** Work instruction **
Within the entries below, find the portion that opens with the line containing "Яндекс поменял логотип" and closes with the line containing "En route vous". Retype that portion exactly and only.

** Task input **
********

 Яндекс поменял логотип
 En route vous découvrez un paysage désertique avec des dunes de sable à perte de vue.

********

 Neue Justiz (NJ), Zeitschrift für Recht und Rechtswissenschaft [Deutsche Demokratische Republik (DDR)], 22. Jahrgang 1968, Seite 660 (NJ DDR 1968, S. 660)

********

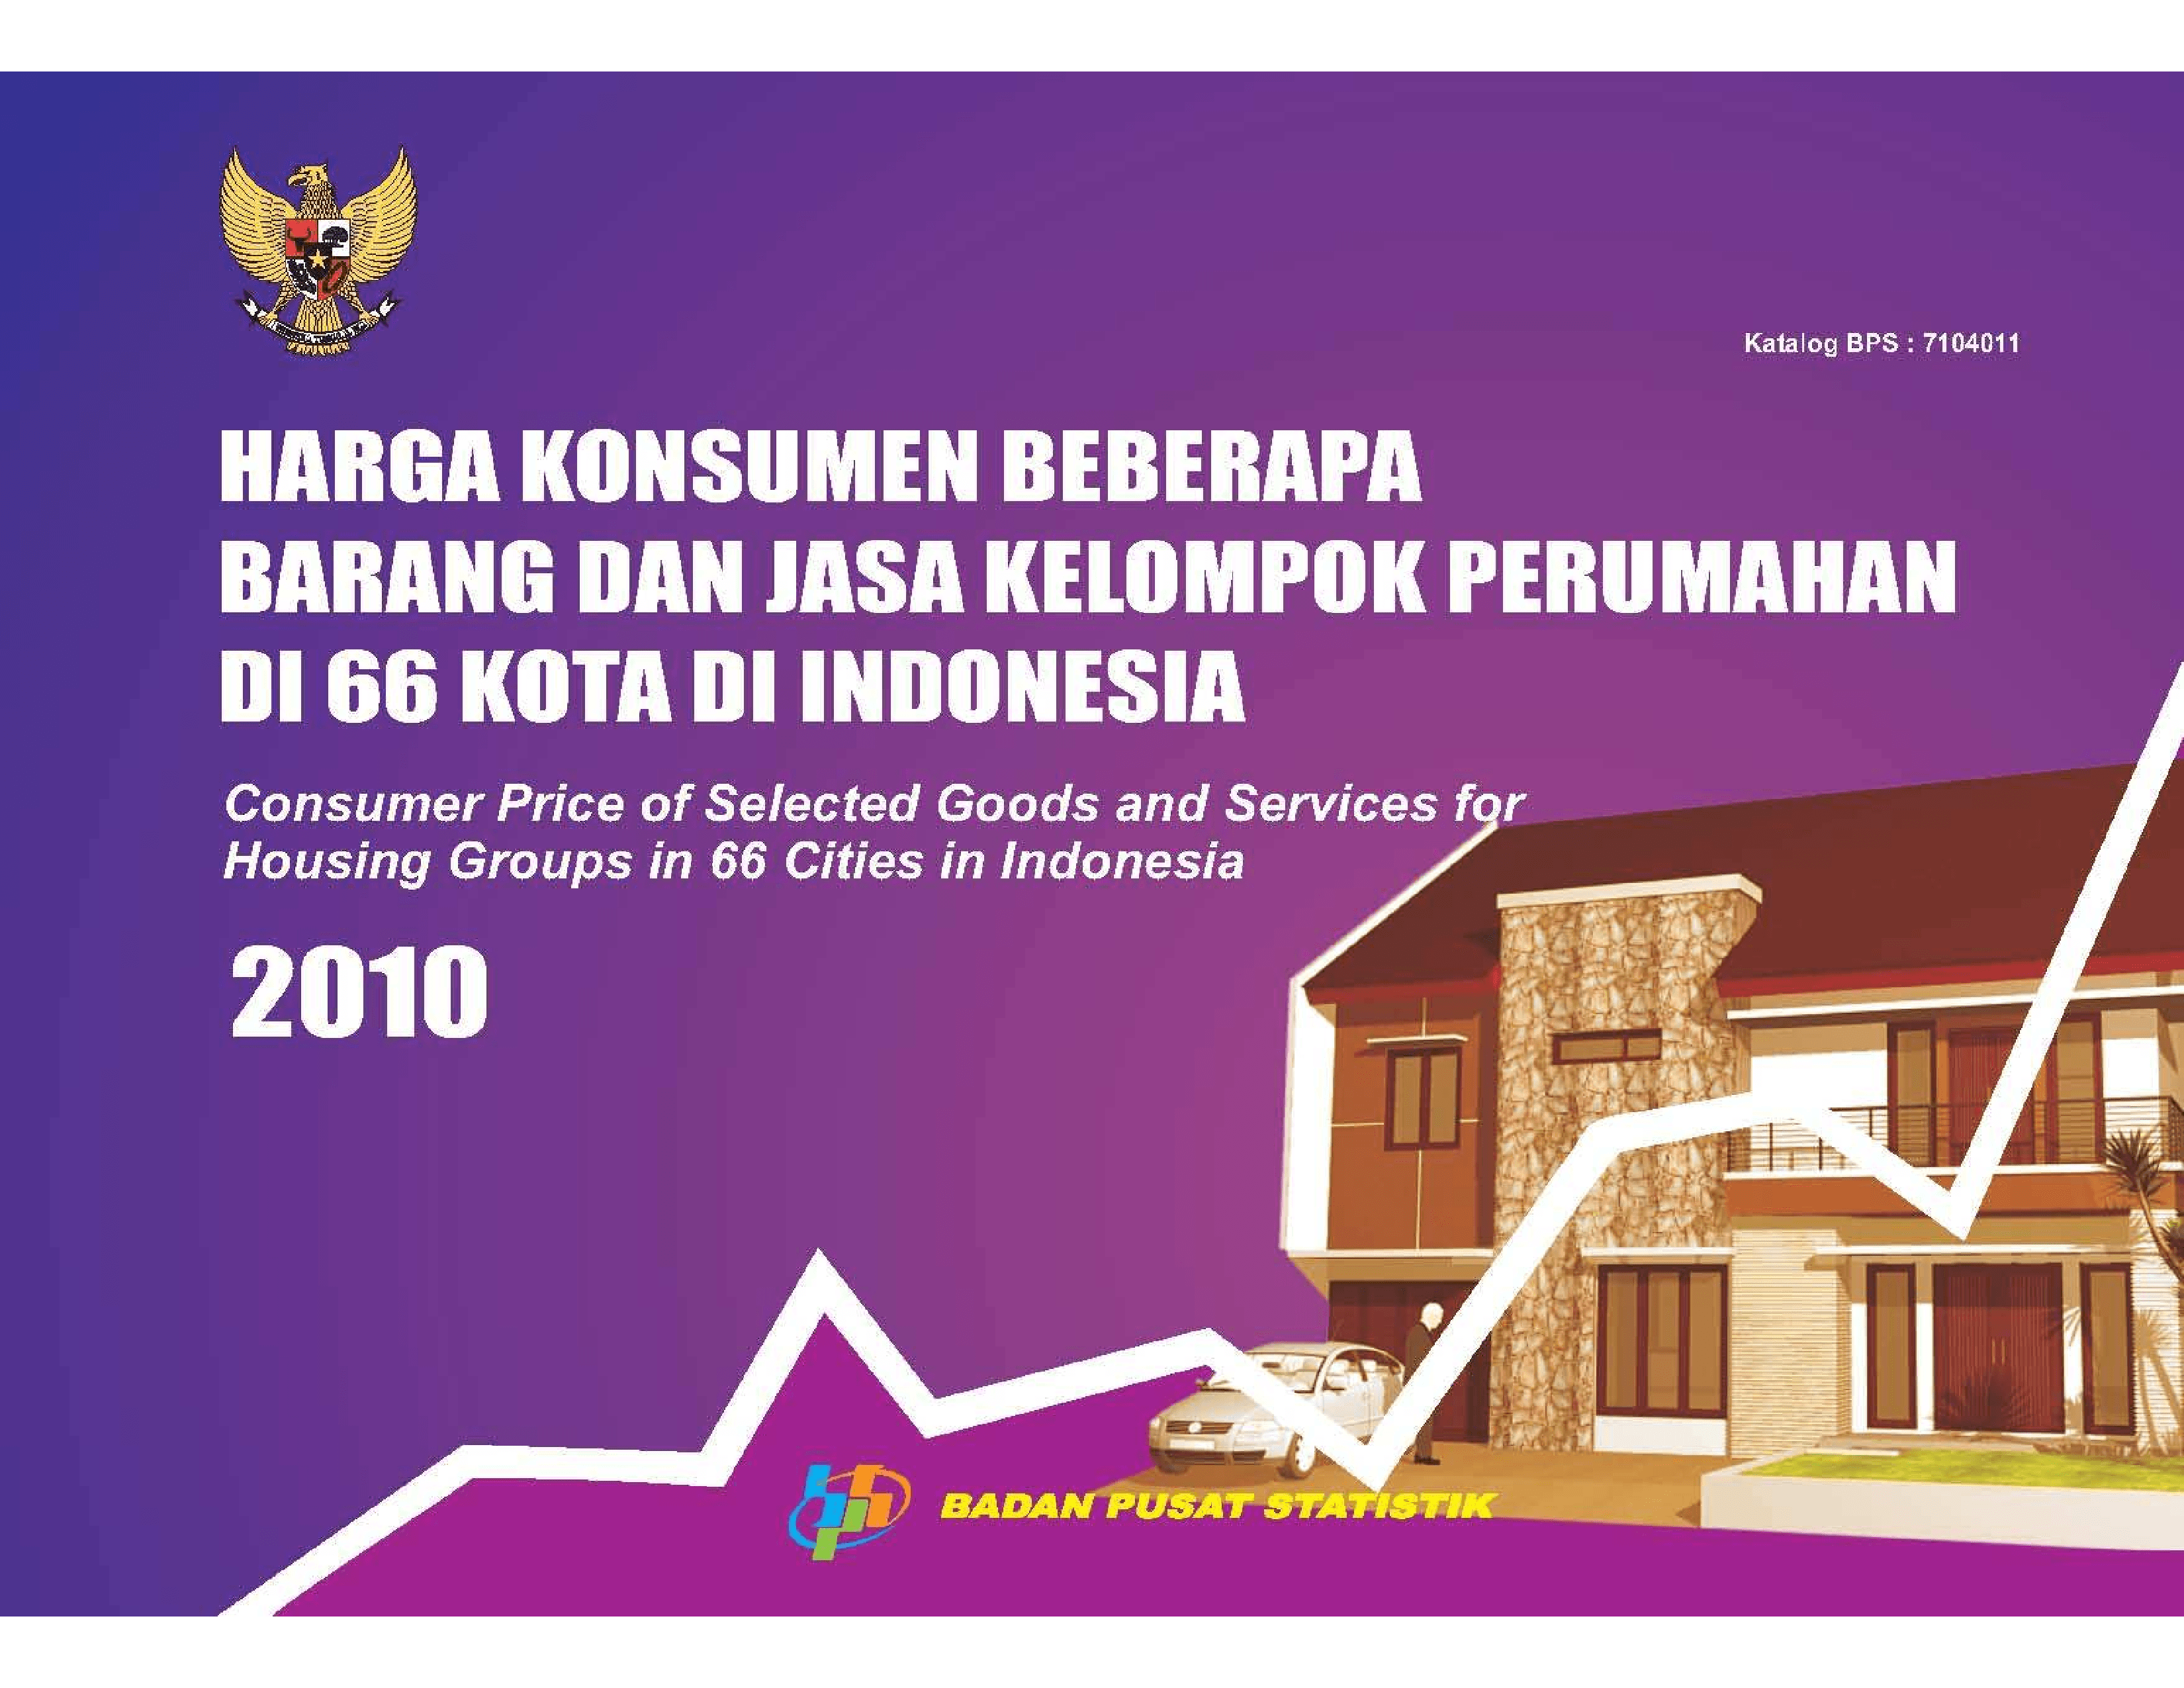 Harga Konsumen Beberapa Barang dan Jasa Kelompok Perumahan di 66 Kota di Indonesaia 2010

********

** Task output **
 Яндекс поменял логотип
 En route vous découvrez un paysage désertique avec des dunes de sable à perte de vue.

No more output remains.